» Task brief:
Without the pictures, output all of the data exactly.

» Data block:
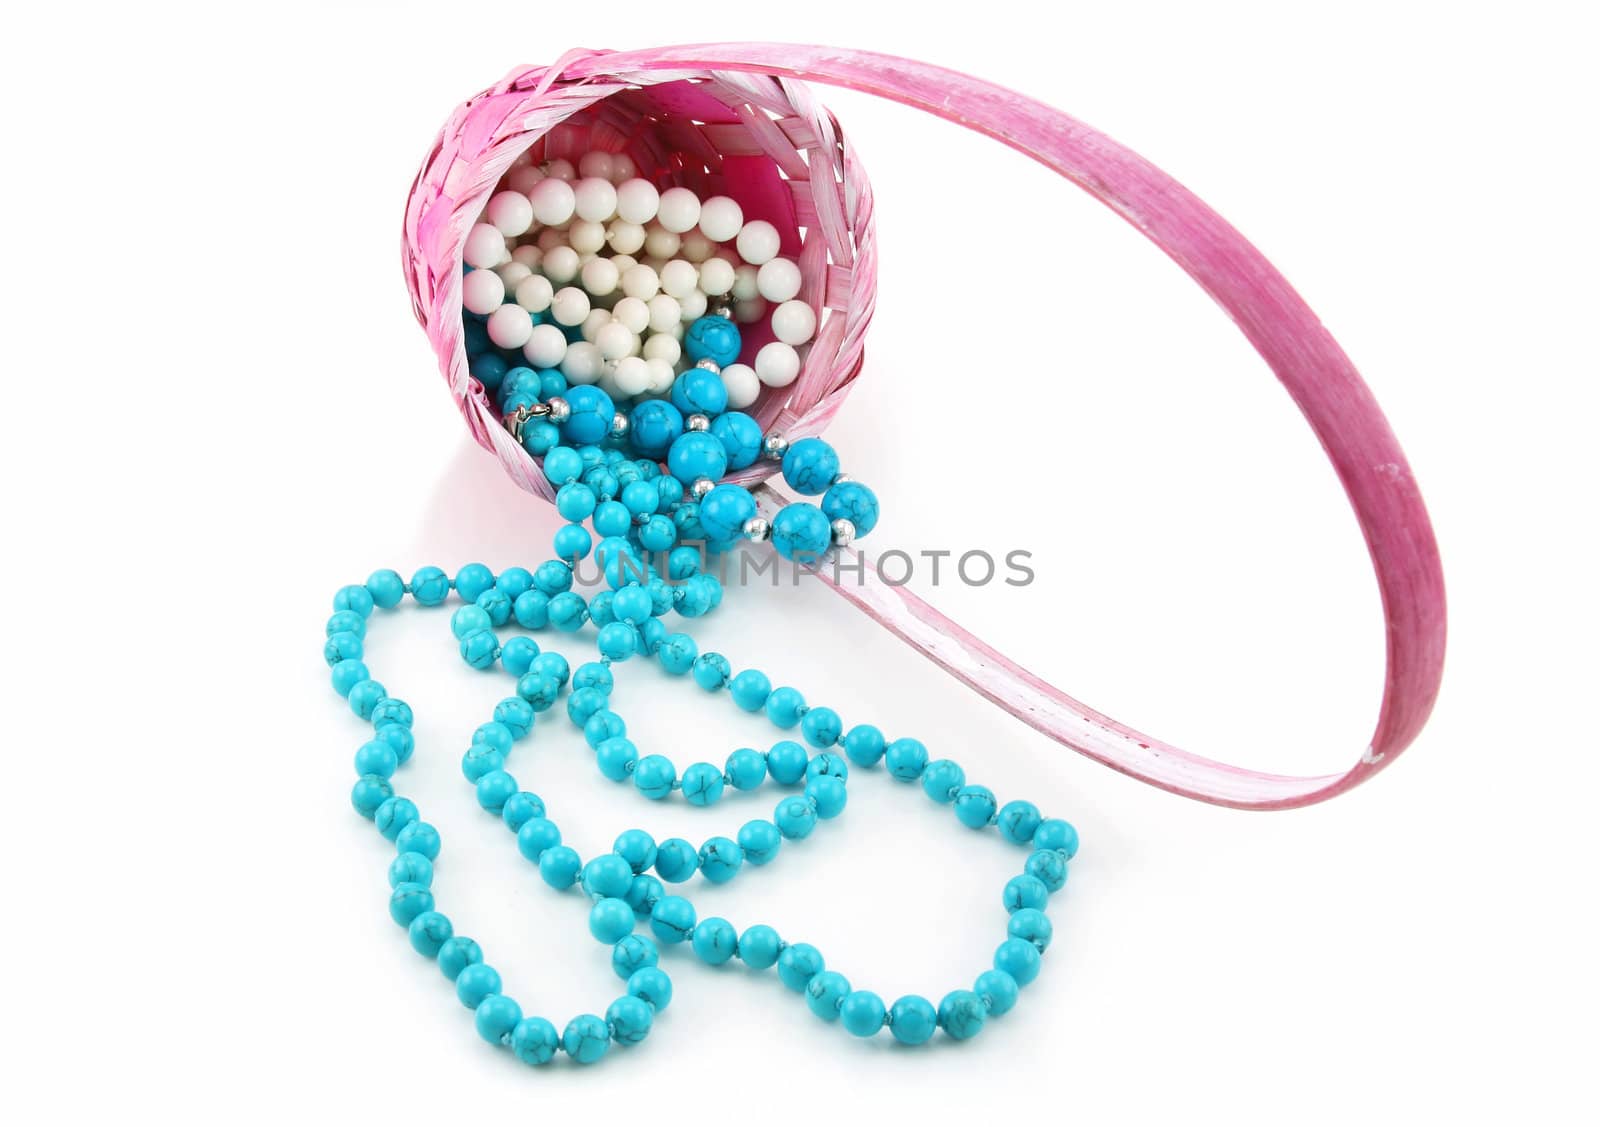 Colored Pearl Beads in Pink Wicker Basket Isolated on White Background
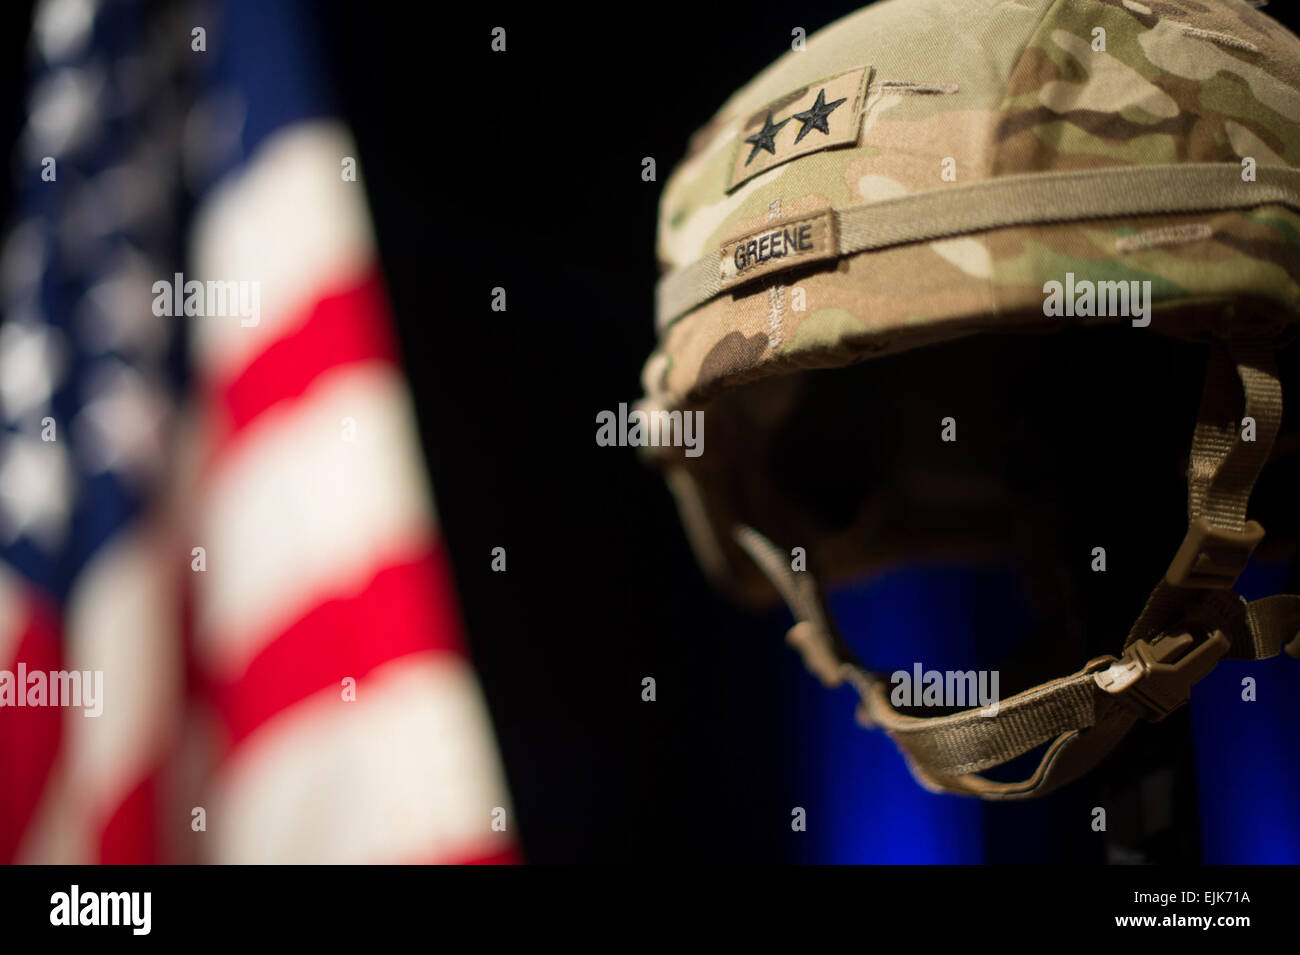 Helmet atop the Fallen Soldier Display in honor of Maj. Gen. Harold J. Greene during a memorial ceremony at the Pentagon, 13 Aug. 2014.  Greene was killed Aug. 5 in an insider attack while deployed to Afghanistan.  He will be interred at Arlington National Cemetery on 14 Aug.   Staff Sgt. Bernardo Fuller Stock Photo
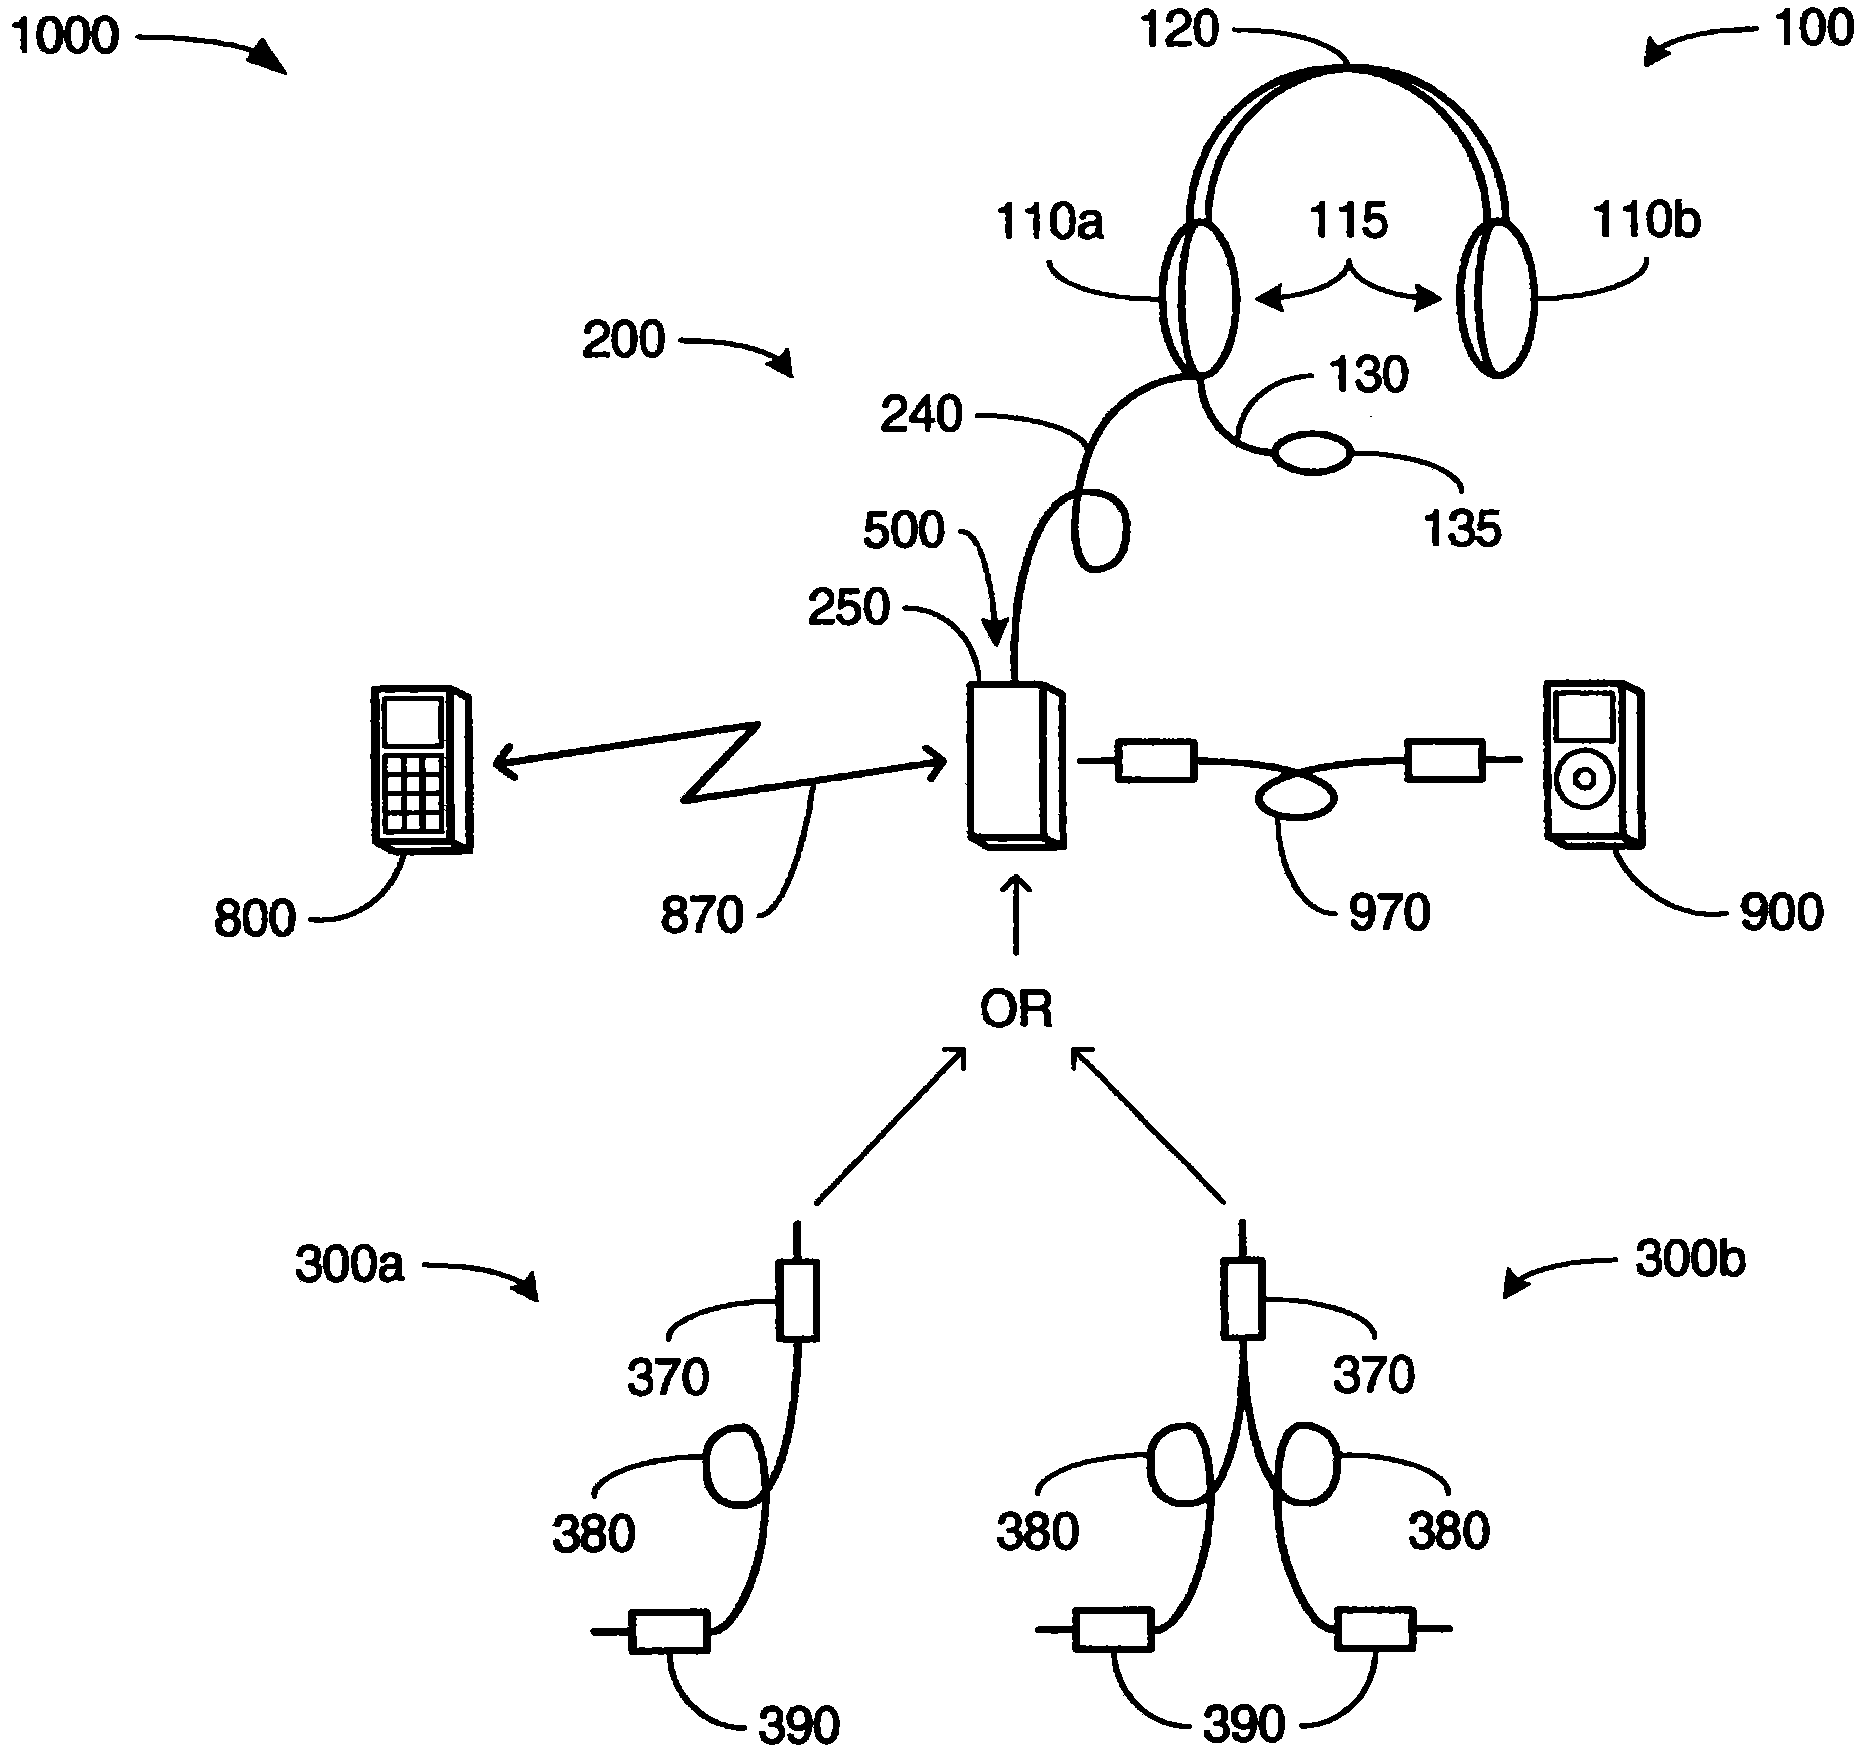 Intercom headset connection and disconnection

» Task result:
 Colored Pearl Beads in Pink Wicker Basket Isolated on White Background
 Helmet atop the Fallen Soldier Display in honor of Maj. Gen. Harold J. Greene during a memorial ceremony at the Pentagon, 13 Aug. 2014.  Greene was killed Aug. 5 in an insider attack while deployed to Afghanistan.  He will be interred at Arlington National Cemetery on 14 Aug.   Staff Sgt. Bernardo Fuller Stock Photo
 Intercom headset connection and disconnection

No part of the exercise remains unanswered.